> _Dataset excerpt_:
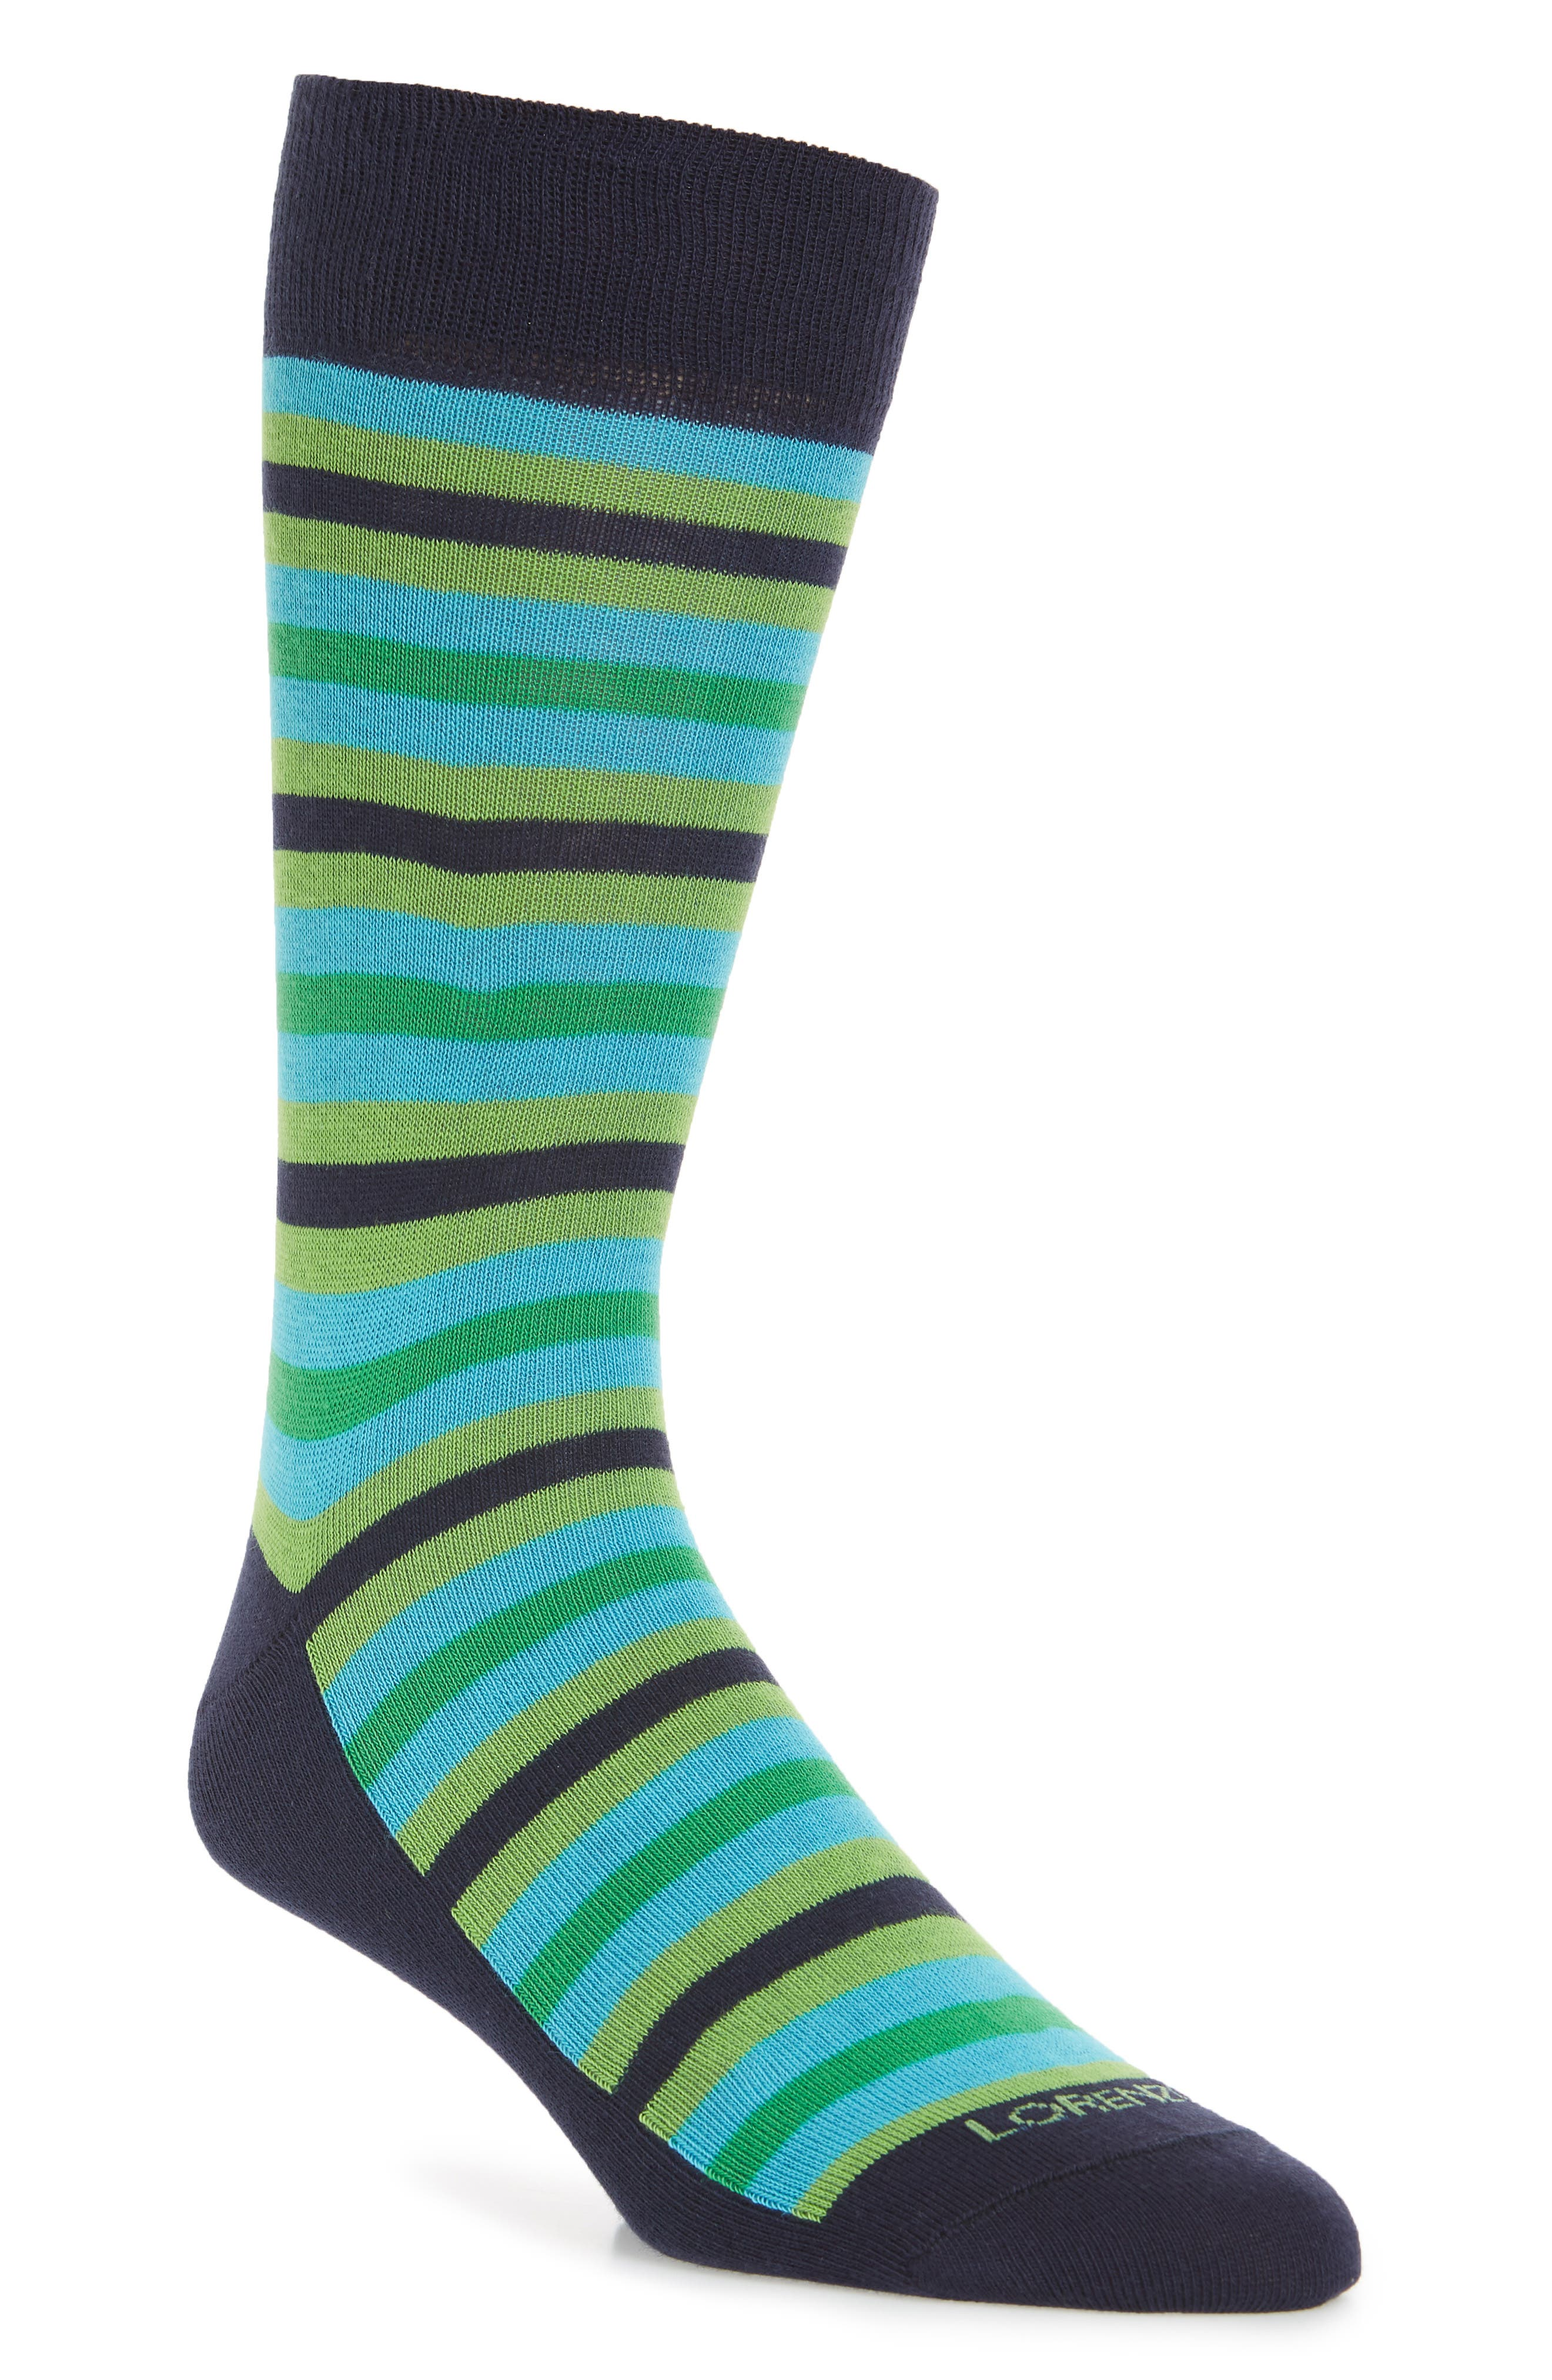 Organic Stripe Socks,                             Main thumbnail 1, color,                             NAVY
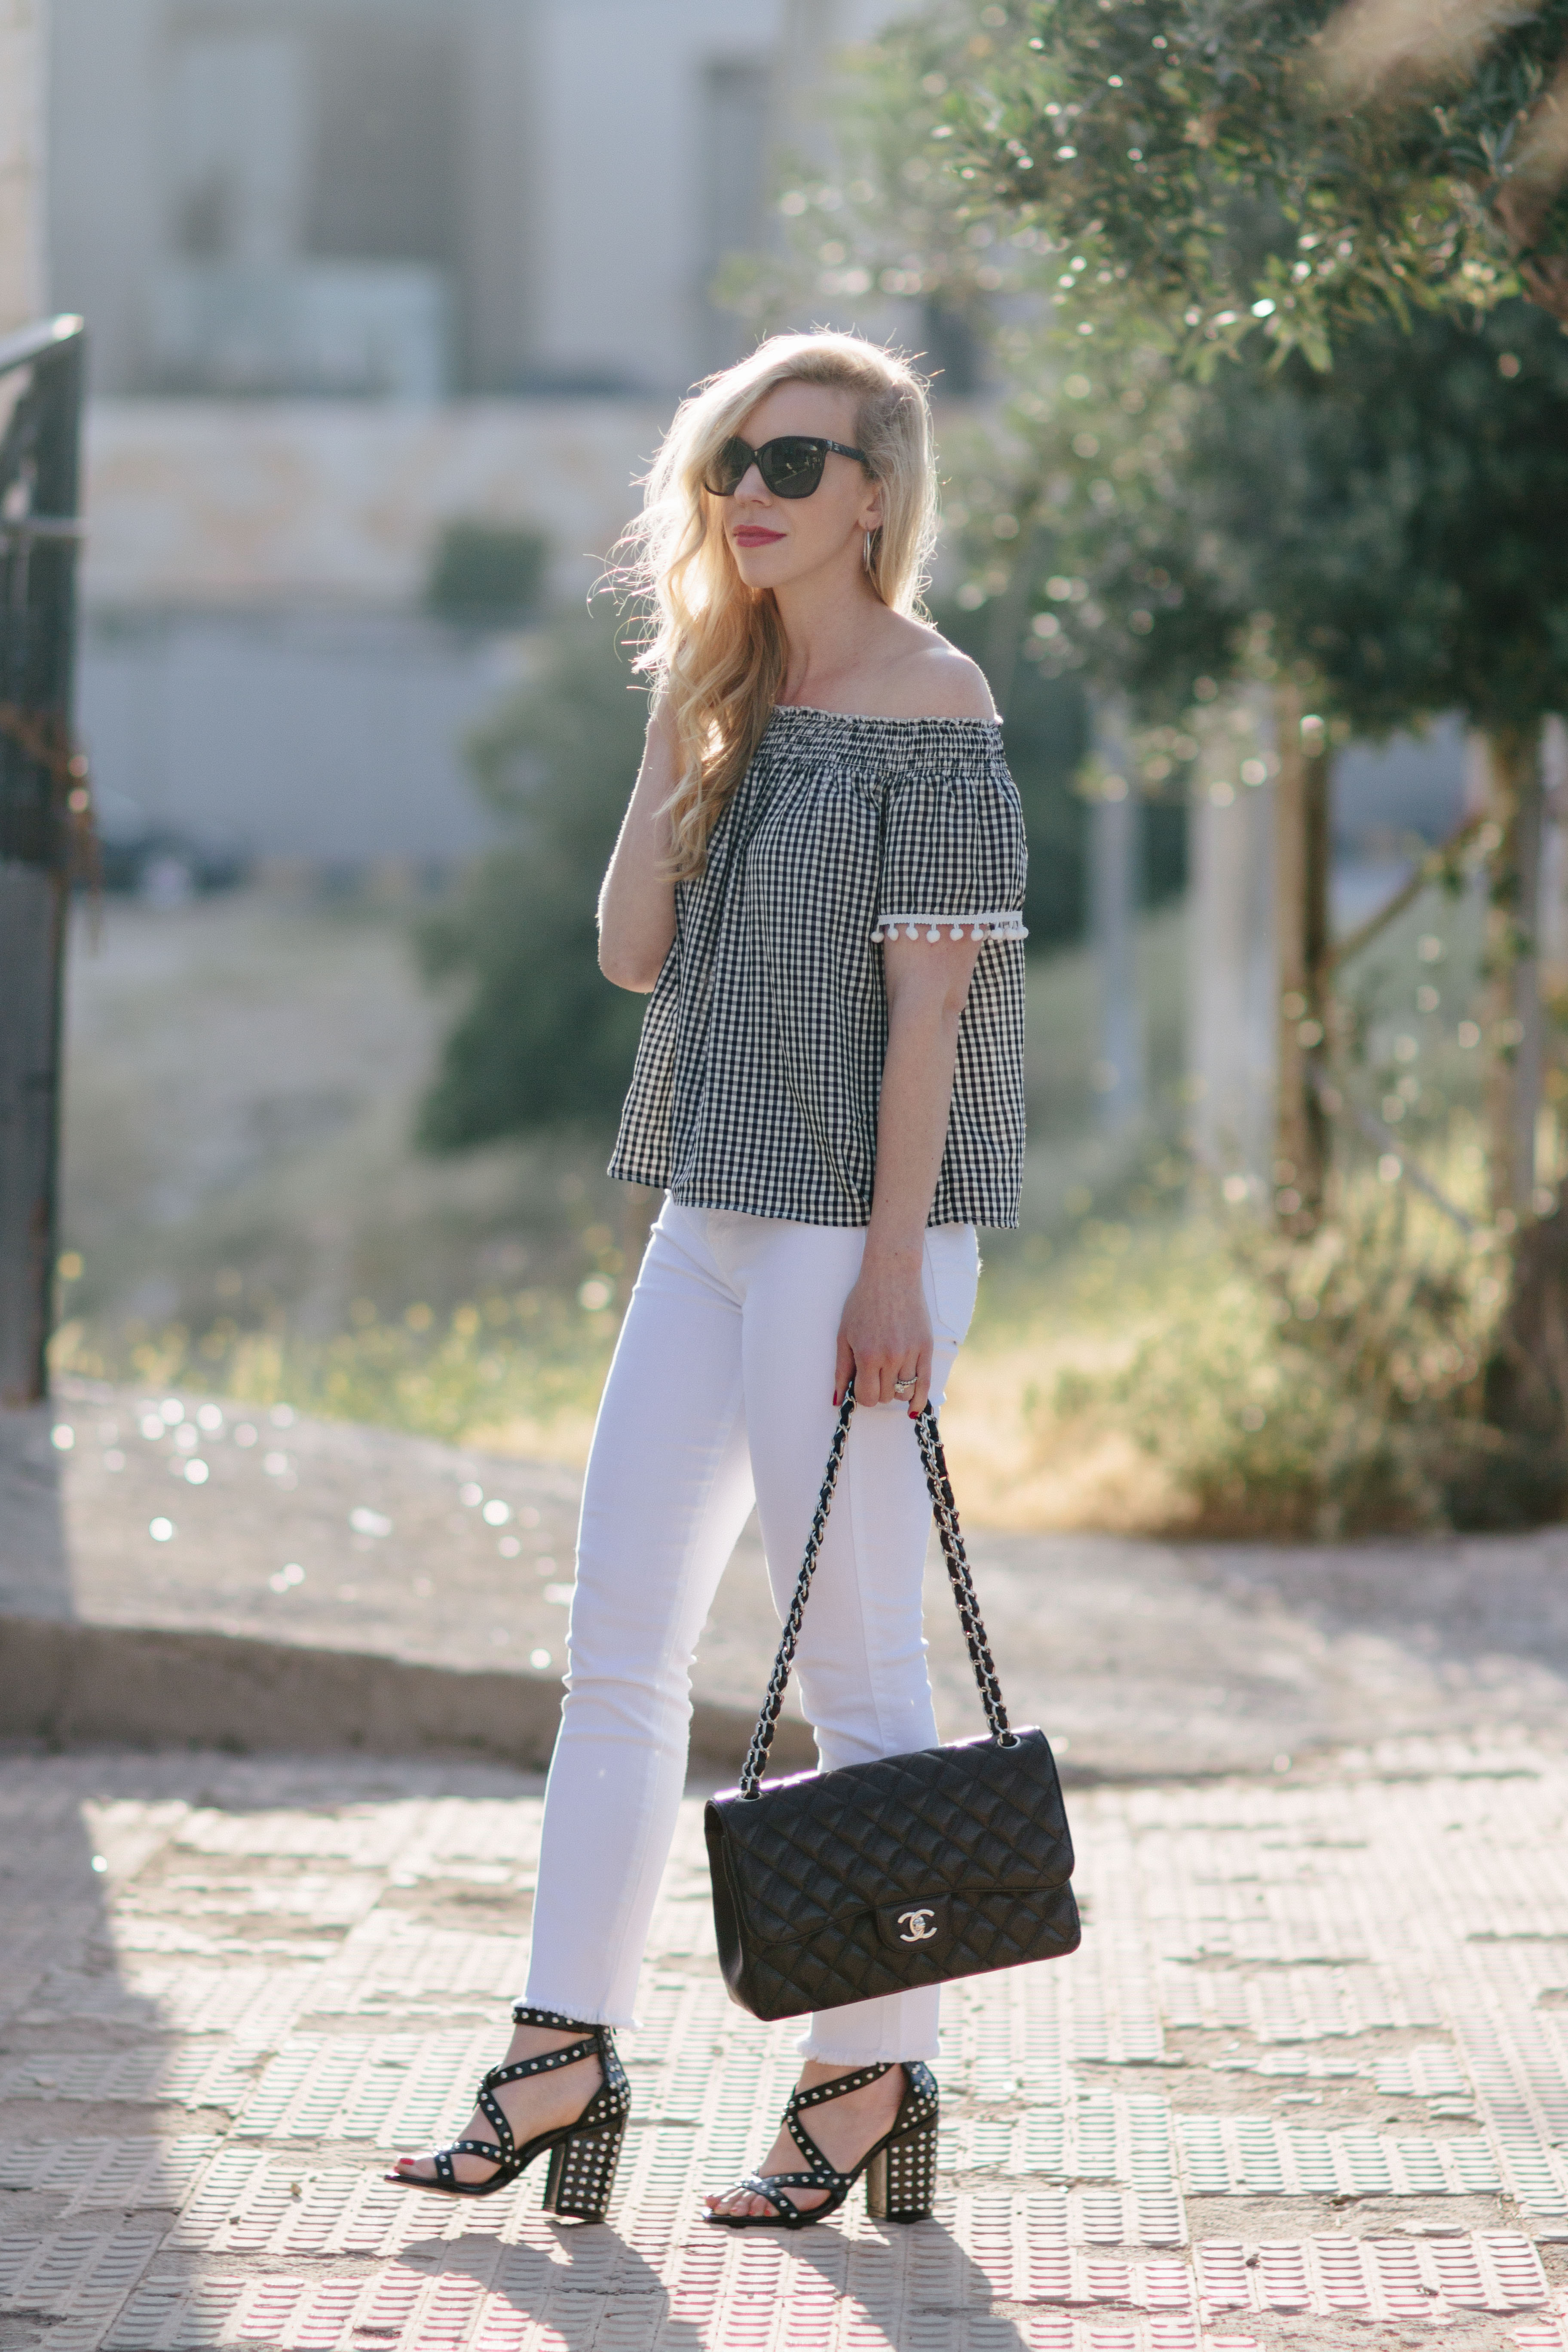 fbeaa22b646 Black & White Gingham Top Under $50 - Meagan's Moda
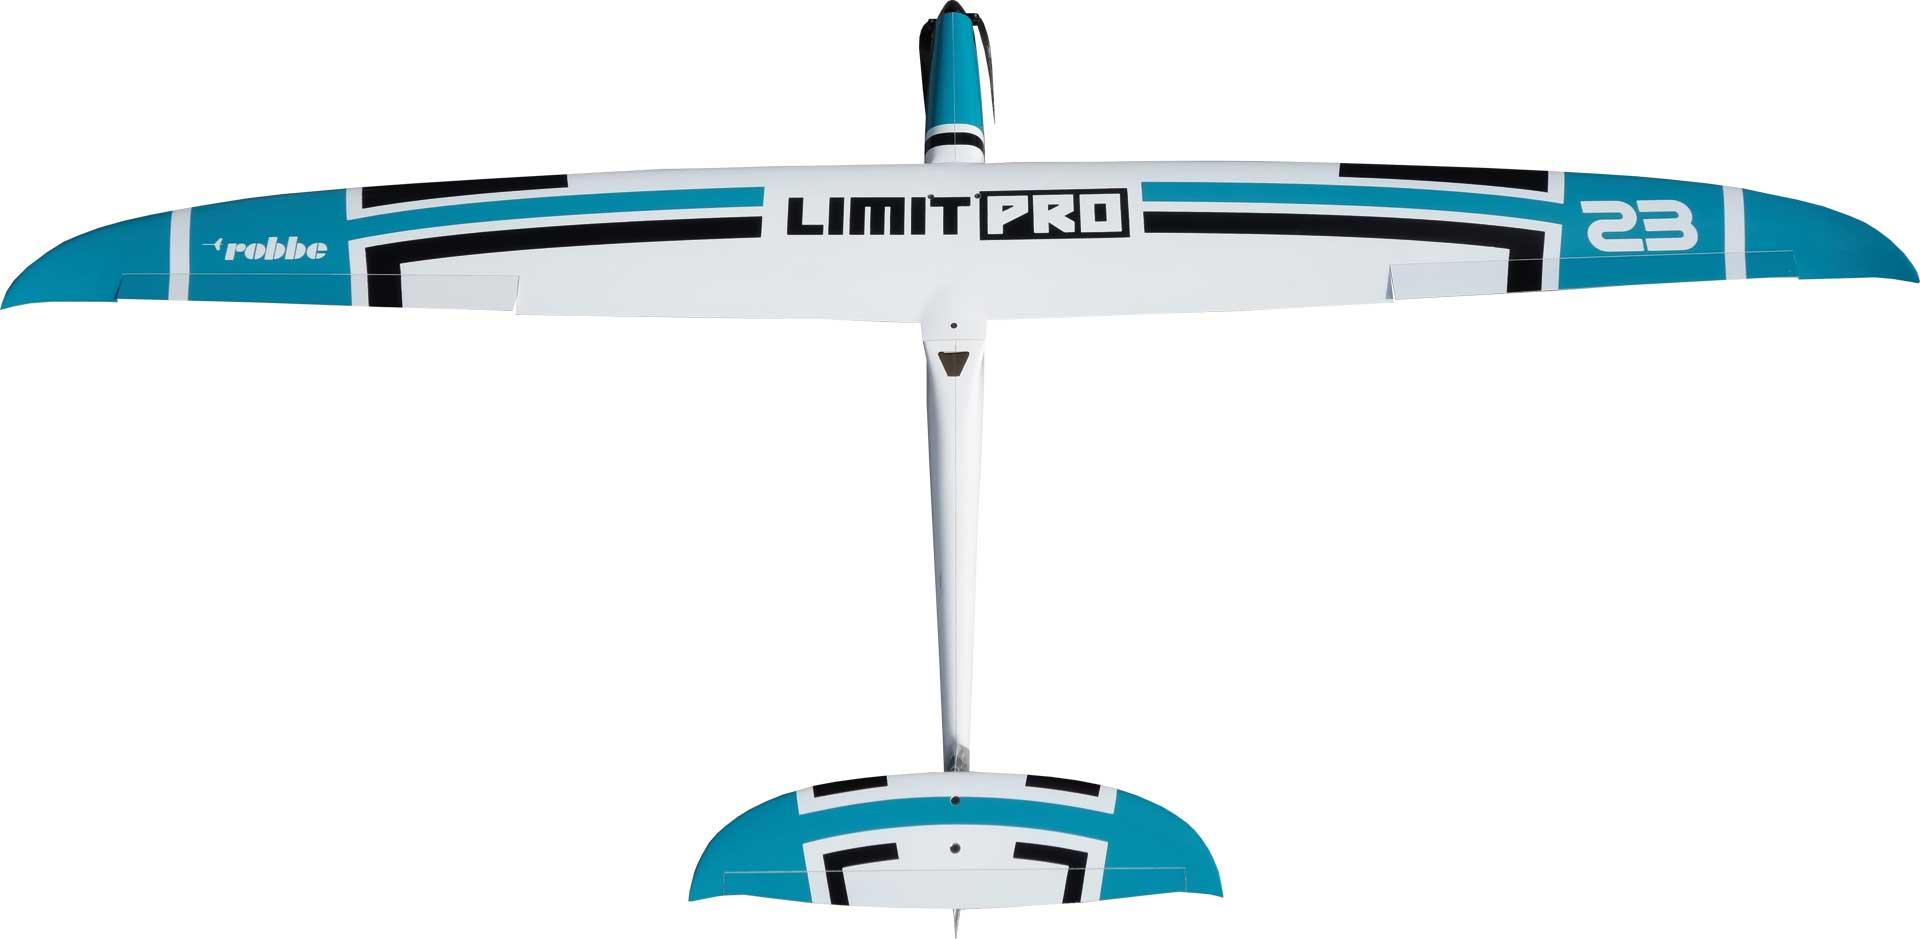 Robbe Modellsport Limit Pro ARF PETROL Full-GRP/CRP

> _Required action_:
Copy each line of the listing exactly, skipping any picture.

> _Result of the exercise_:
 Organic Stripe Socks,                             Main thumbnail 1, color,                             NAVY
 fbeaa22b646 Black & White Gingham Top Under $50 - Meagan's Moda
 Robbe Modellsport Limit Pro ARF PETROL Full-GRP/CRP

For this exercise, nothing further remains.